Water-soluble acrylic-based polymers that can be used in this primer include compounds to be passed through such as acrylic acid, methyl acrylate, ethyl acrylate, isopropyl acrylate, n-butyl acrylate, isobutyl acrylate, methacrylic acid, Water-soluble polyacrylate obtained by polymerization or copolymerization of methyl methacrylate, ethyl methacrylate, isopropyl methacrylate, n-butyl methacrylate, isobutyl methacrylate, maleic acid, itaconic acid polymers, and the above-mentioned compounds may be used alone or in admixture of two or more kinds. These water-soluble propylene-based polymers undergo chelation with the co-existing metal ions so that they become insoluble in water when baked for a short time at relatively low temperatures, and their average molecular weight is preferably 10000-300000. Such water-soluble acrylic-based polymers are commercially available under trade names such as Acumer 2100 and Acumer 1510 (trademark of Rohm and Haas).

The metal nitrates or related compounds that can be used in the primer of the present invention are selected from the nitrates or related compounds of Al, Zr, Ce, Cr and Fe, which can be used singly or in combination of two or more. Specific examples are aluminum nitrate [Al(NO ₃ ) ₃ 9H ₂ O, molecular weight 375], zirconium nitrate [Zr(NO ₃ ) ₄ 5H ₂ O, molecular weight 492], zirconium oxynitrate [ZrO (NO ₃ ) ₂ ·2H ₂ O, molecular weight is 267], cerium nitrate [Ce(NO ₃ ) ₃ ·6H ₂ O, molecular weight is 434], chromium nitrate [Cr(NO ₃ ) ₃ ·9H ₂ O, molecular weight is 400] and iron nitrate [Fe(NO ₃ ) ₃ ·9H ₂ O, molecular weight is 404].

The primer of the present invention contains an organic reducing agent, and thus forms a film in which the organic reducing agent coexists in the film. In the case of using chromium nitrate as the metal nitrate, any hexavalent chromium ions that have been formed and will be released are reduced to trivalent chromium ions, and since the release of hexavalent chromium ions is prevented, no environmental problems arise . However, the metal nitrates or related metal compounds are selected from the group consisting of Al, Zr, Ce, and Fe nitrates or related compounds due to the suitable base color produced by applying a chromium-free anti-corrosion primer. Desirable. The films formed by nitrates of aluminum and zirconium and related compounds have various degrees of corrosion resistance depending on the amount of metal attached, and they are also colorless and transparent from the point of view of emphasizing the metallic appearance of aluminum, and they are used as Primers for clear coats are preferred.

The hydrofluoric acid-based compound to be used in the primer of the present invention includes, for example, acids and salts such as hydrofluoric acid, fluorosilicic acid, fluoroboric acid, fluorotitanic acid, fluorozirconic acid, zinc fluoride, and These can be used alone or in admixture of 2 or more kinds.

As for organic reducing agents, those which are soluble in water, do not decompose or volatilize upon baking, and remain in the primer film for reduction are satisfactory; specific examples are polyalcohols and saccharides , such as ethylene glycol, glycerol, erythritol, arabitol, mannitol, glucose and fructose, which can be used alone or in combination of two or more.

In order to improve the anti-pitting corrosion ability of the material to be treated, if necessary, phosphoric acid-based compounds can be added to the primer of the present invention, such as phosphoric acid, such as orthophosphoric acid, pyrophosphoric acid, metaphosphoric acid and phosphorous acid. 5 g/L or less; add alkali metal phosphates such as sodium phosphate, sodium pyrophosphate, sodium polyphosphate and sodium hexametaphosphate. In addition, in order to improve the adhesion between the primer film and the paint to improve the quality, and to increase the viscosity of the primer solution for easy coating and improve processing performance, silica can be added, especially ground to an average diameter of 1 μm or less, especially 50% or more silica having a primary particle diameter of 1 μm or less.

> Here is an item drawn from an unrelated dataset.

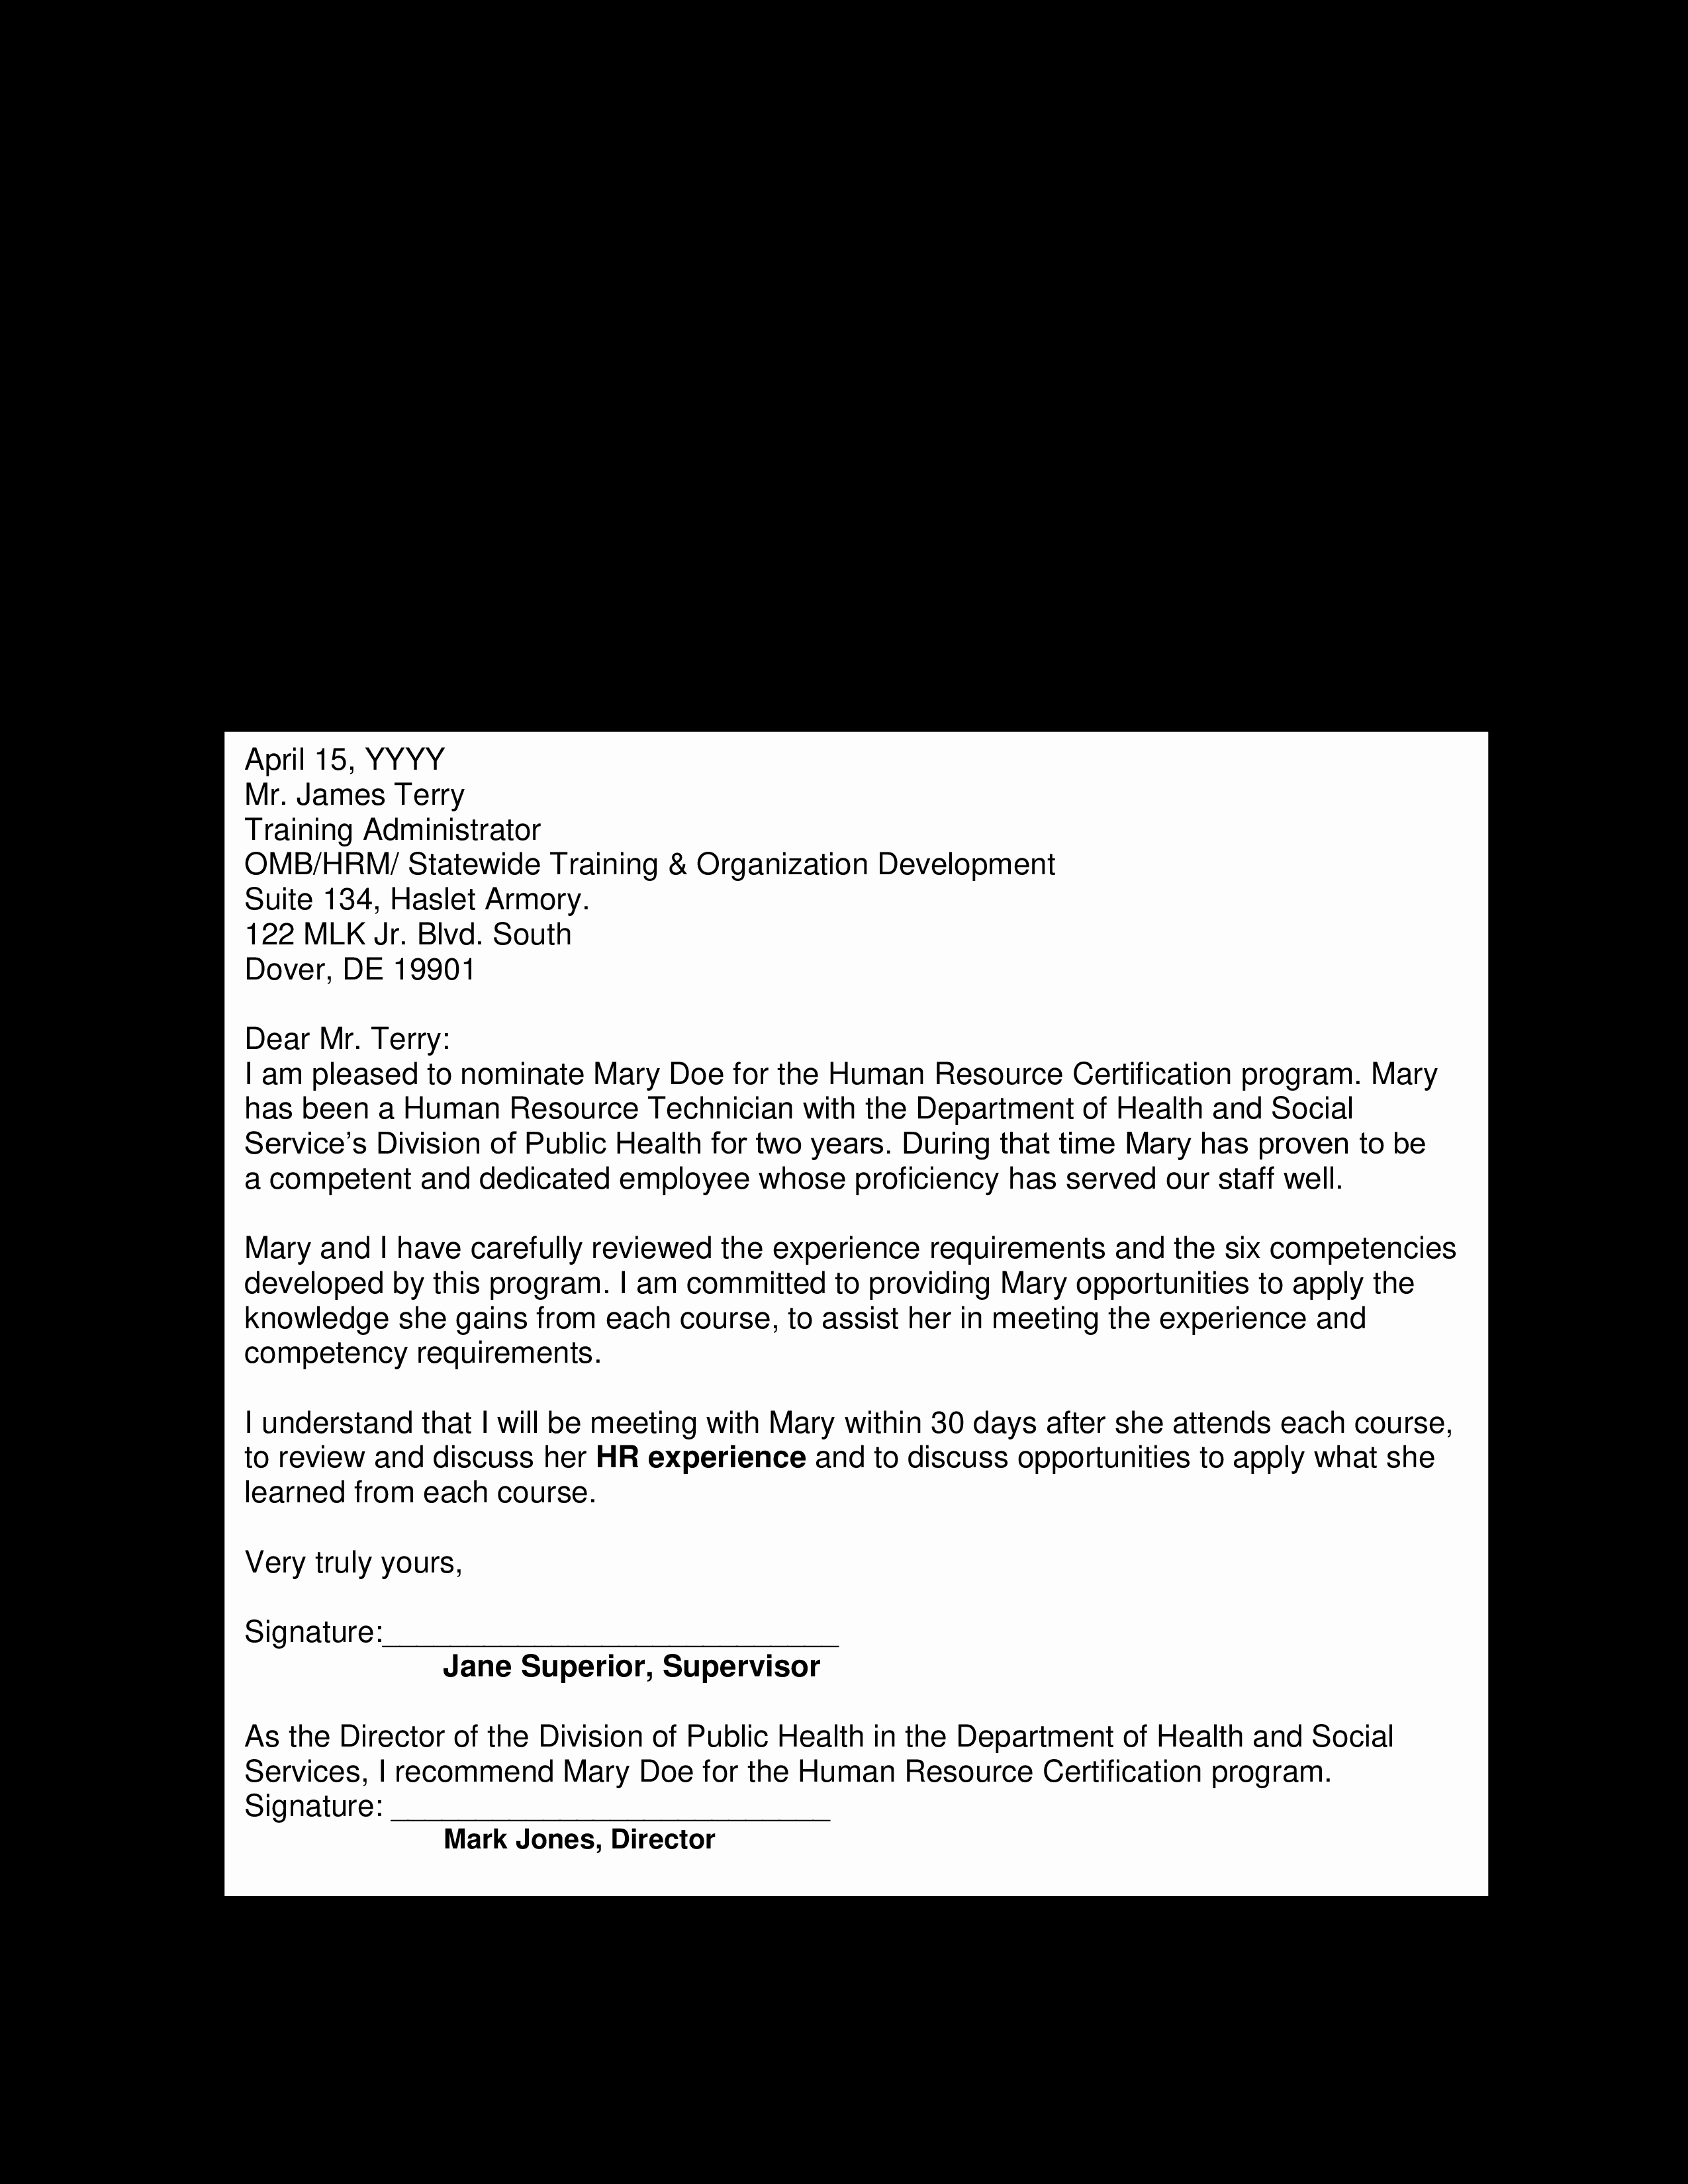 Short Recommendation Letter for Employee Awesome Free Short Letter Re Mendation for Employment
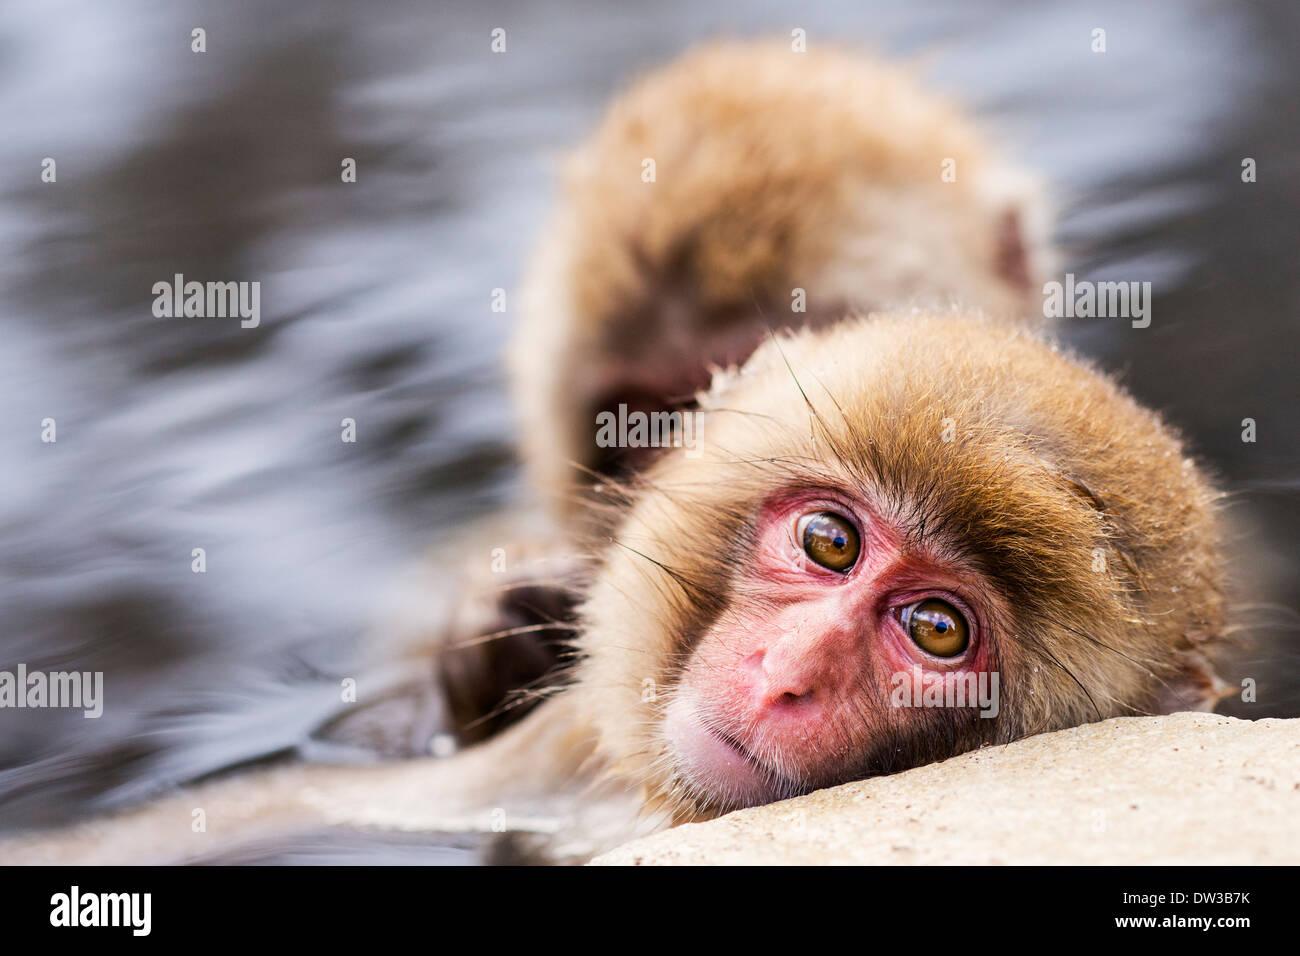 Japanese Snow Monkeys in Nagano, Japan. Stock Photo

The concentration of the above-mentioned components in the primer of the present invention is generally: water-soluble acrylic acid-based polymer: solid concentration 3.5-22.5 g/liter, better 7-15 g/liter; metal nitrate or related Compounds: 30-500 g/L, more preferably 50-150 g/L; hydrofluoric acid-based compounds: calculated as elemental fluorine, 1.0-5.0 g/L, more preferably 2.0-3.0 g/L; Phosphate-based compound added: 2.5-14.5 g/l, more preferably 4-8 g/l as PO ₄ , silica, 0.1 or less in terms of solid ratio [silica/(total solids)] , preferably 0.05 or less.

Water-soluble acrylic-based polymers with a solids concentration of less than 3.5 g/L may not achieve sufficient film-forming properties, while those with a solids concentration of more than 22.5 g/L have a negative effect on the stability of the primer.

When metal nitrates or related compounds are present at a concentration of less than 30 g/l, ^more application of more The primer, the increase in the amount of the primer, due to the sagging phenomenon during coating or the uneven drying in the treatment tank, it is difficult to obtain a uniform film thickness according to the industrial standard. Conversely, a concentration greater than 500 g/l not only impairs the stability of the primer solution, but also makes its operation unstable because the latitude of the primer amount controlled to ensure the prescribed amount of adhered metal is narrow.

When the organic reducing agent with a concentration of less than 5 g/L is applied to the chromium substrate, the reducing ability is insufficient so that hexavalent chromium can be partially formed; Esterification prevents the neutralization reaction from proceeding sufficiently, resulting in a decrease in corrosion resistance. Conversely, at concentrations greater than 30 g/l, unreacted excess organic reducing agent impairs the normal curing reaction of the coating to be applied over the primer.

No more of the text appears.